En haut, la gravure de François Perrier (1638), inversée par rapport au modèle, et un dessin la reprenant fidèlement
- En bas, la gravure de Cornelis van Dalen, et l'étude de Cézanne


Mais revenons à mon centaure synchronistique : il se promène dans un paysage quasi abstrait que son auteur, Francis Picabia, avait appelé Tarentelle (Picabia, Tarentelle, 1912, MoMA, NY). Or la tarentelle est une danse d’Italie du Sud qui à l’origine, selon certains chercheurs, aurait appartenu aux rites dionysiaques.

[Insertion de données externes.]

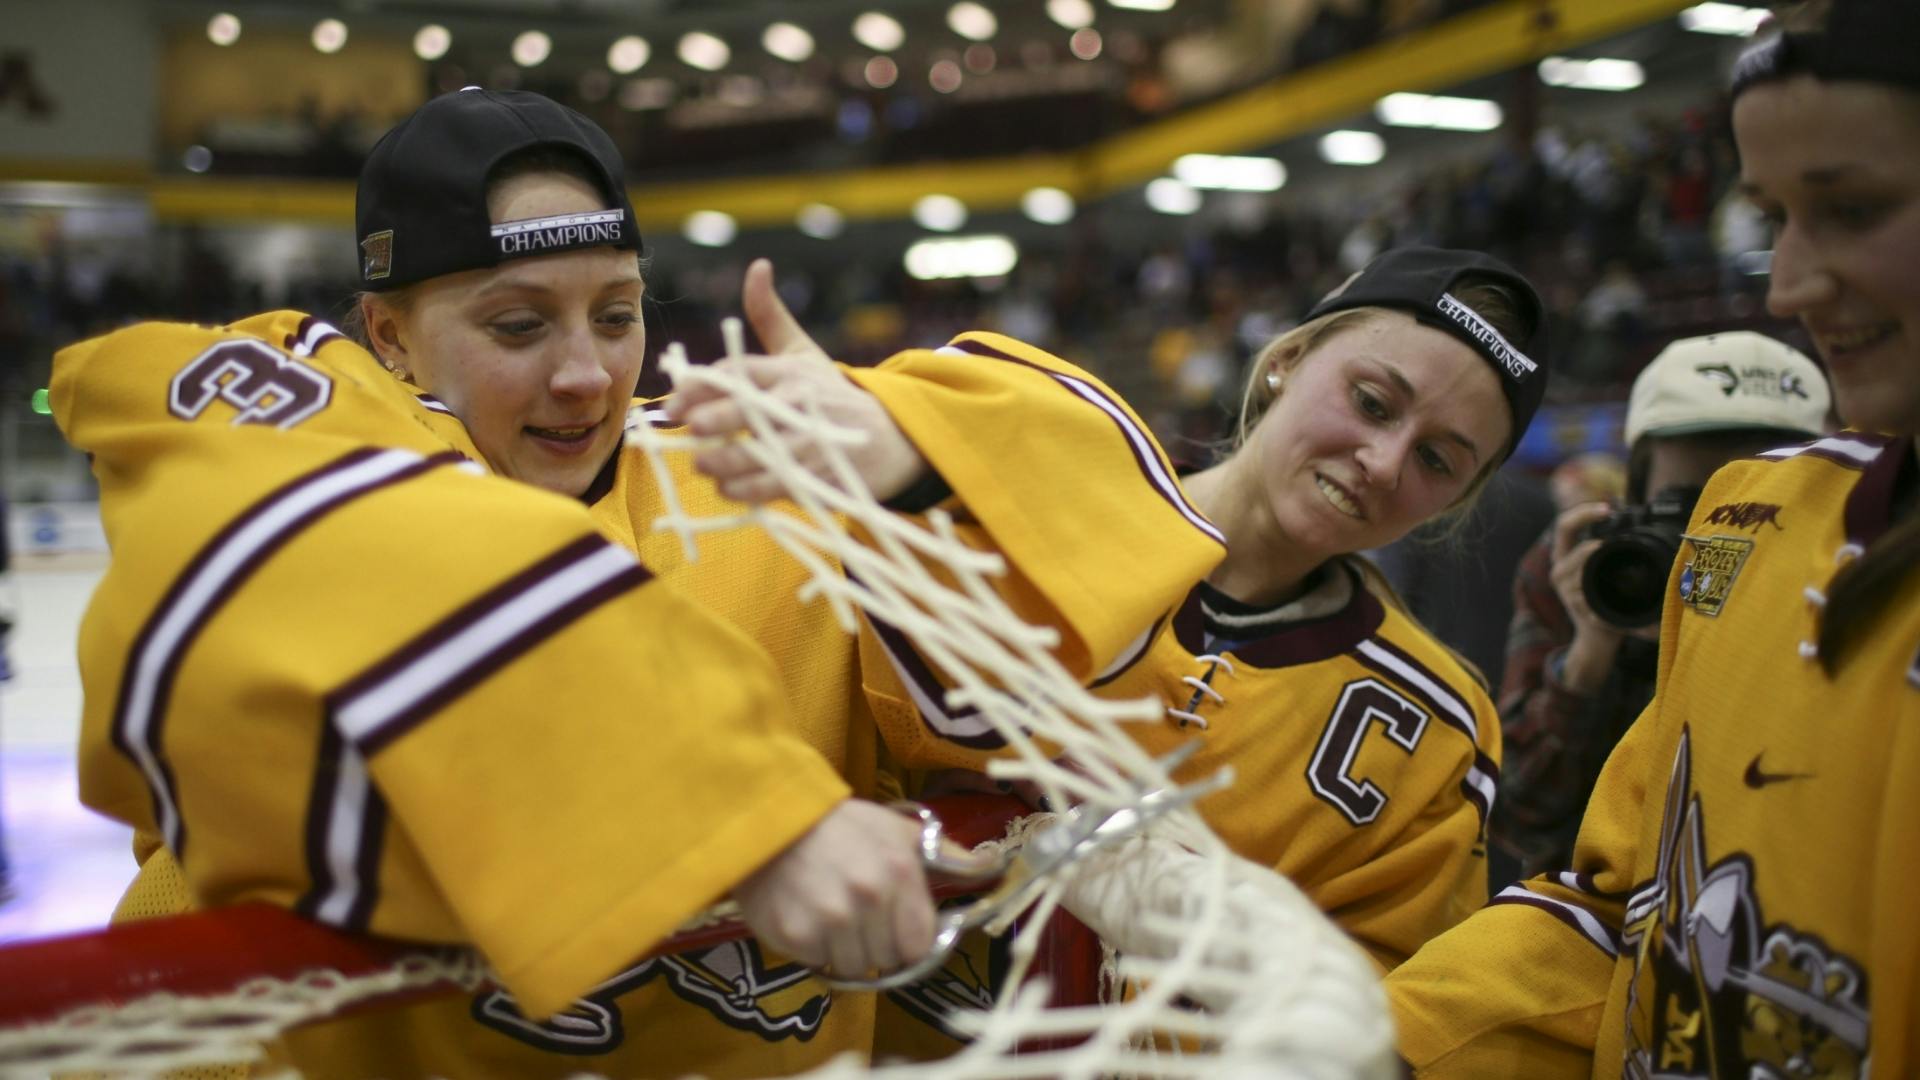 The Gophers women's hockey team won their third national title in four years Sunday by beating Harvard 4-1.

Elle tire son nom de l’araignée tarentule, car au XVIIe siècle, on la dansait au cours des cérémonies destinées à guérir les maladies que l’on croyait causées par ses morsures. 

Francis Picabia, Tarentelle, huile sur toile 73,6 x 92,1cm, 1912, MoMA, NY
La promenade synchronistique du centaure portant Eros dans la tarentelle de Picabia nous plonge donc au cœur des fantasmagories du thiase dionysiaque, associant la folie de l’ivresse à la mystérieuse connaissance que procure l’osmose avec les forces naturelles.

samedi, avril 04, 2015

Écho

 
Gilles Chambon, Écho, huile sur toile, 55 x 55 cm, 2015
Ovide raconte qu'une nymphe, nommée Écho, détournait l'attention d'Héra par ses bavardages, pendant que Zeus la trompait. Un jour, Héra s'en aperçut, et condamna Écho en ces termes : « Tu auras toujours le dernier mot, mais jamais tu ne parleras la première. » C’est pourquoi, quand on crie dans les montagnes, on n'a jamais le dernier mot : toujours la voix d’Écho suit de près la nôtre.

Ma peinture synchronistique est comme Écho ; elle ne parle jamais la première : elle répète en les déformant et les mélangeant les œuvres d’autres peintres… Et elle a finalement le dernier mot.

Ici, la figure de la nymphe vient d’un dessin d’ange de Jacopo Pontormo (conservé au musée des Offices), et le fond réinterprète un tableau d’Albert Bitran de 1973, titré « Voisinage noir ».